You know your business; we don’t. We know how to sell your business. Like others considering the sale of their business, you have concerns. These include:
- that the confidentiality of your business will be protected
- that you will walk away with the most money
- that you will always know the status of the sale
- that your business will be presented to qualified buyer prospects
- that you have chosen an expert to manage the entire process
You need true experts in the process, not rookies hoping to cash in at your expense. Our knowledge of the marijuana industry is thoroughgoing. We know firsthand how it feels to startup, own, operate and sell businesses. We provide top advisory services and are fully-versed in all aspects of transferring business ownership.
Step One: Valuation
We have valued hundreds of businesses. Having purchased businesses ourselves, we know how buyers value businesses as well as how accountants and bank personnel value them. There are so many scams being run pertaining to business valuations that we recommend no one ever pay for a valuation. Does your real estate agent charge you to tell you what your home is worth? Feel free to challenge our valuation and have your accountant do the same. We don’t just perform a valuation, we estimate your expenses, taxes, and debt payoff to give you an after-tax estimate of your proceeds on a sale. We don’t want you moving forward without knowing what net proceeds to expect.
Step Two: Contract
A contractual listing agreement is typically used by business brokers when selling a business. In many situations we work on a verbal agreement to prevent the seller from having a formal commitment. We have never had a verbal agreement cancelled and take this approach to keep sellers comfortable. We serve as advisors, not brokers focused on protecting a commission.
Step Three: Buyer Search
We always have a backlog of buyers. However, we develop a campaign to market your marijuana business to potential buyers. We develop a Confidential Memorandum (CM) for each business that provides buyers information about the operation, facility, marketing, financial status and future opportunities of the business. The CM is only received by a buyer after they execute a comprehensive Confidentiality and Non-Disclosure Agreement (NDA). Our aggressive marketing program ensures you maintain confidentiality and we provide maximum exposure for your business.
Step Four: The Buyer-Seller Meeting
We schedule buyer and seller meetings at your convenience, during or after business hours, on-site or off-site. A prospective buyer will have already reviewed the CM and financials and likely had several discussions with us. It is normal for sellers to require that all such meetings be held during evening hours so as to not alert employees. However, this meeting is not the time to discuss the price and terms of the sale.
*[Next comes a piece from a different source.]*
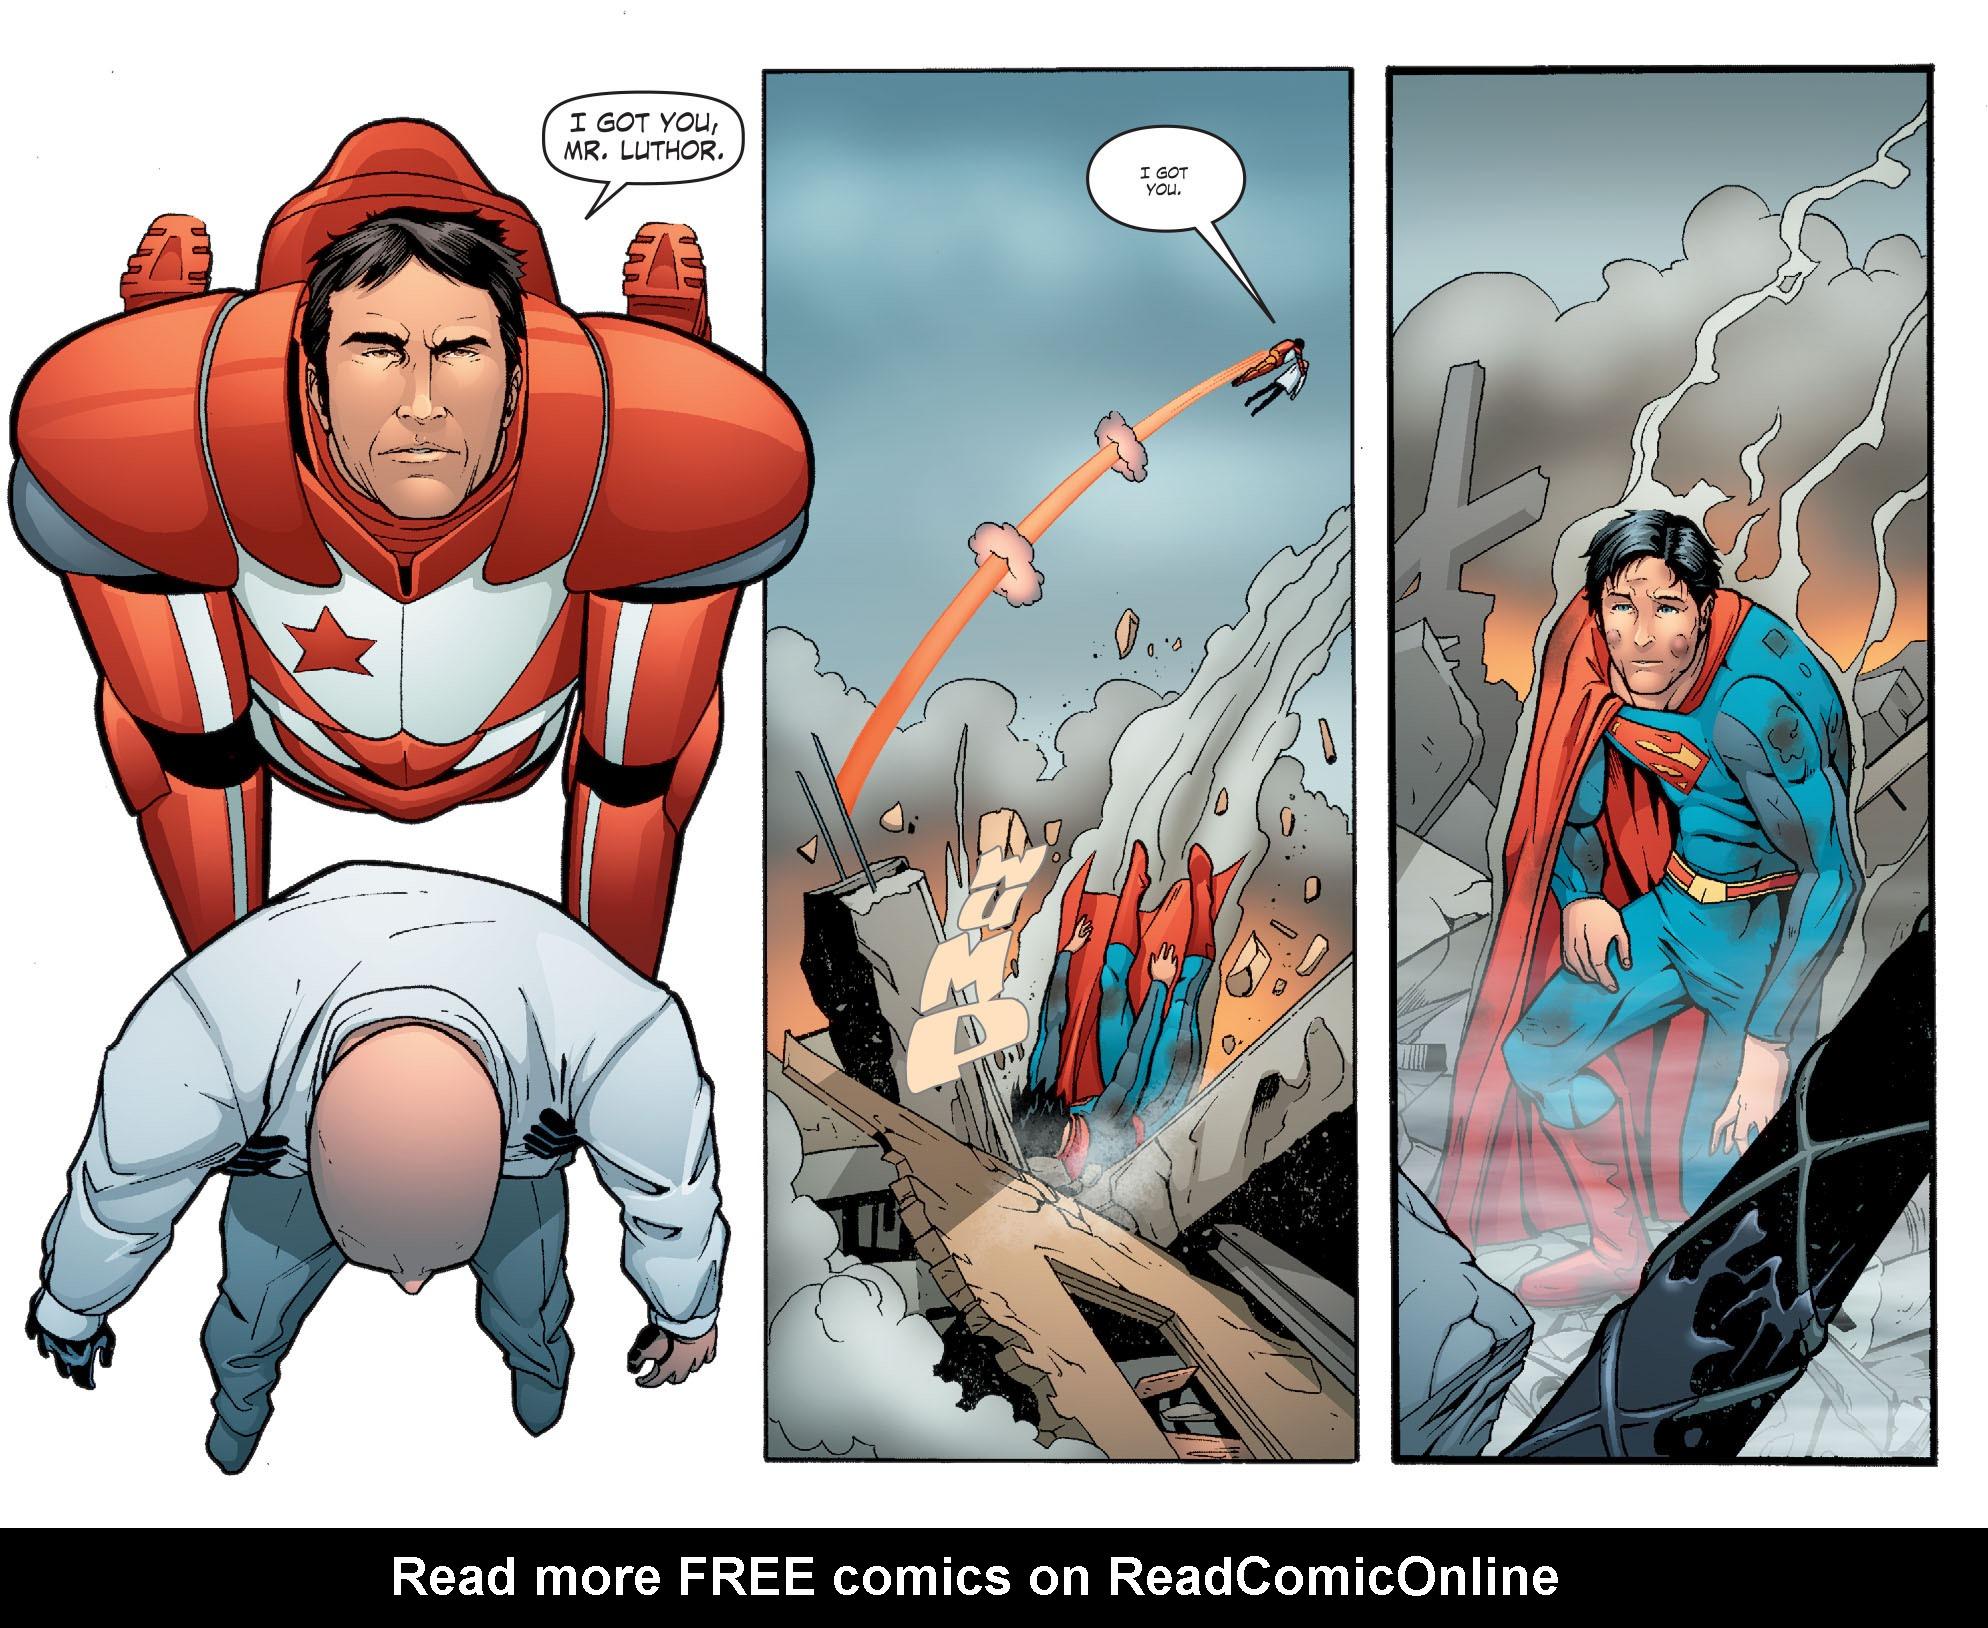 Read online Smallville: Alien comic -  Issue #11 - 21

John and Read will have those conversations directly with the buyer following the initial meeting.
Step Five: Offers
Offers include many items in addition to price. Payment terms, transition, allocation of price (affects seller’s taxes) and many more items are part of the negotiation. By having us handle all negotiations you are avoiding getting trapped in an area unfamiliar to you. Before we present an offer to you we translate the offer into what you actually receive: your aftertax proceeds. That way you have the information to make an informed decision.
Step Six: Due Diligence
Once a Letter of Intent has been entered into between the buyer and seller outlining the price and terms of the sale, the due diligence process begins. We serve as the coach and quarterback for the due diligence process, coordinating all activities. This is the time when the buyer requests from the seller any documents and materials needed to verify that all representations made by the seller are accurate. Depending on the size of the business, a buyer will typically complete this process in two to six weeks.
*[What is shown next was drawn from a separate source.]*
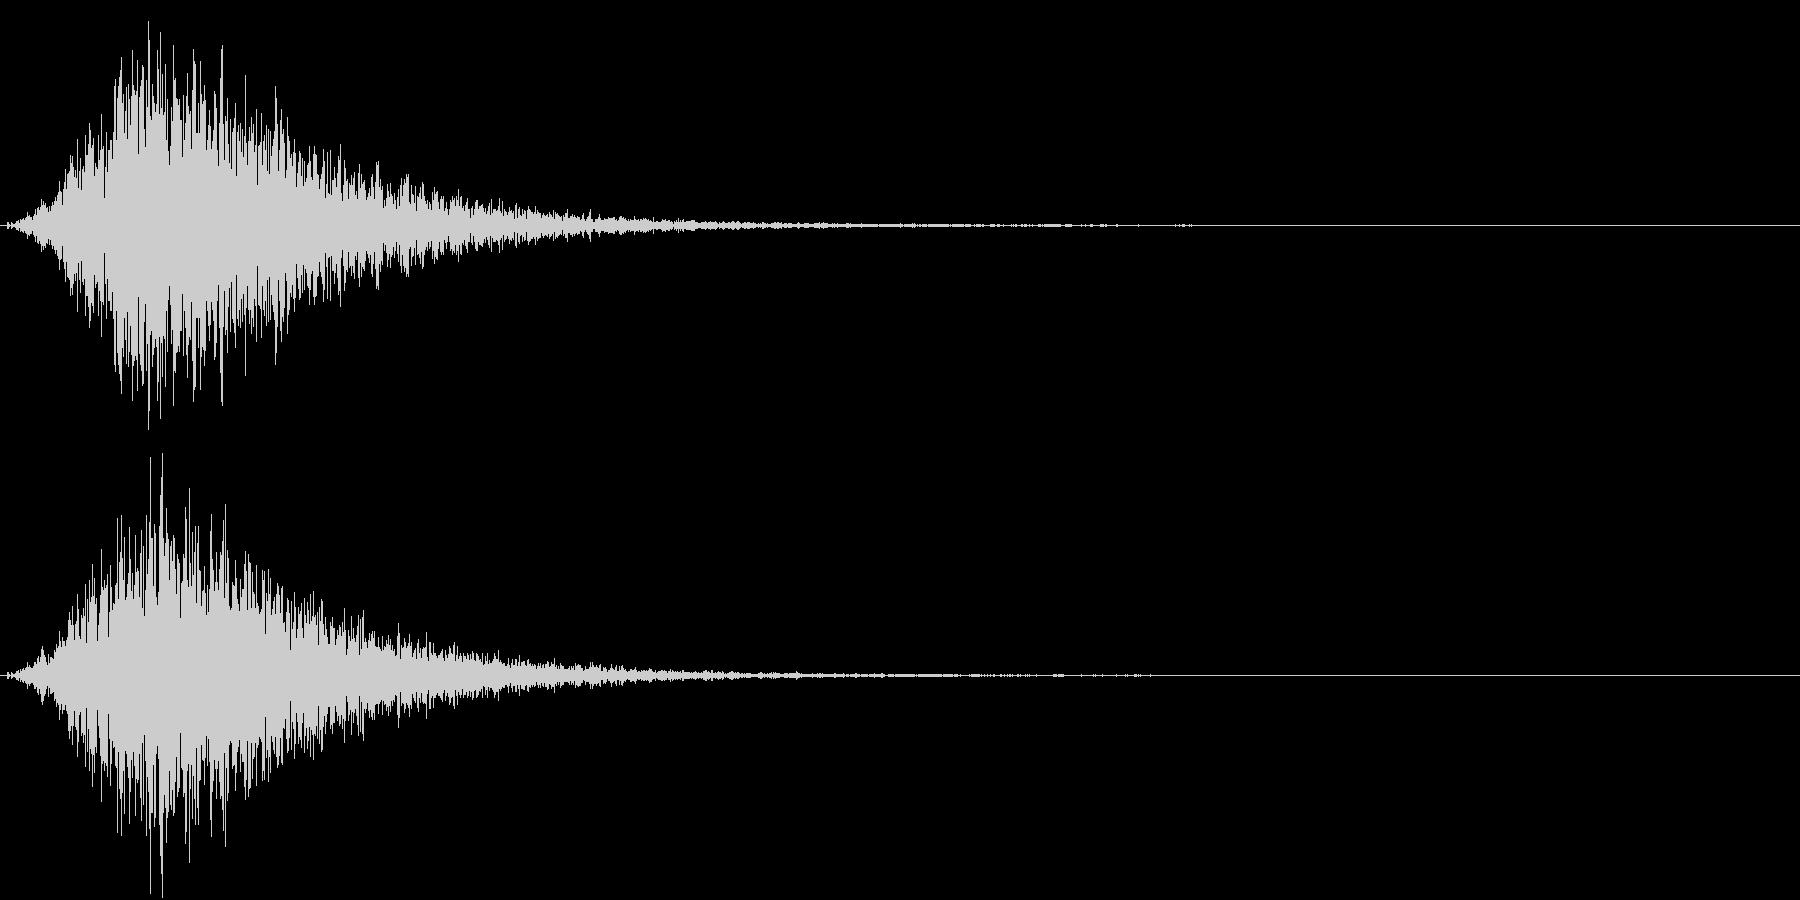 Battle 戦闘エフェクト音 1の未再生の波形

Step Seven: Contractual Negotiations
This is typically the least understood step for sellers. Regardless of the size of the business, there are a lot of documents. In a sale, there is a purchase agreement, non-compete agreement, assignment and assumption agreements, resolutions, and many other ancillary documents. We are very active in this process. We view the most important document to be the purchase agreement and disclosure schedules and we typical lead the draft of the schedules, which can be the most significant (and most critical) set of documents in a sale. The disclosure schedules, developed properly, help protect the seller’s interests after the sale.
Step Eight: Closing
The closing is normally a short, simple event. It is similar to a closing on real estate when documents are signed and ownership is transferred. From a seller’s perspective, it is when he or she gets paid and typically becomes a consultant, transferring knowledge of the business and industry to the buyer. When the prior steps are performed properly, all parties are pleased during the closing as everyone has accomplished their primary objective.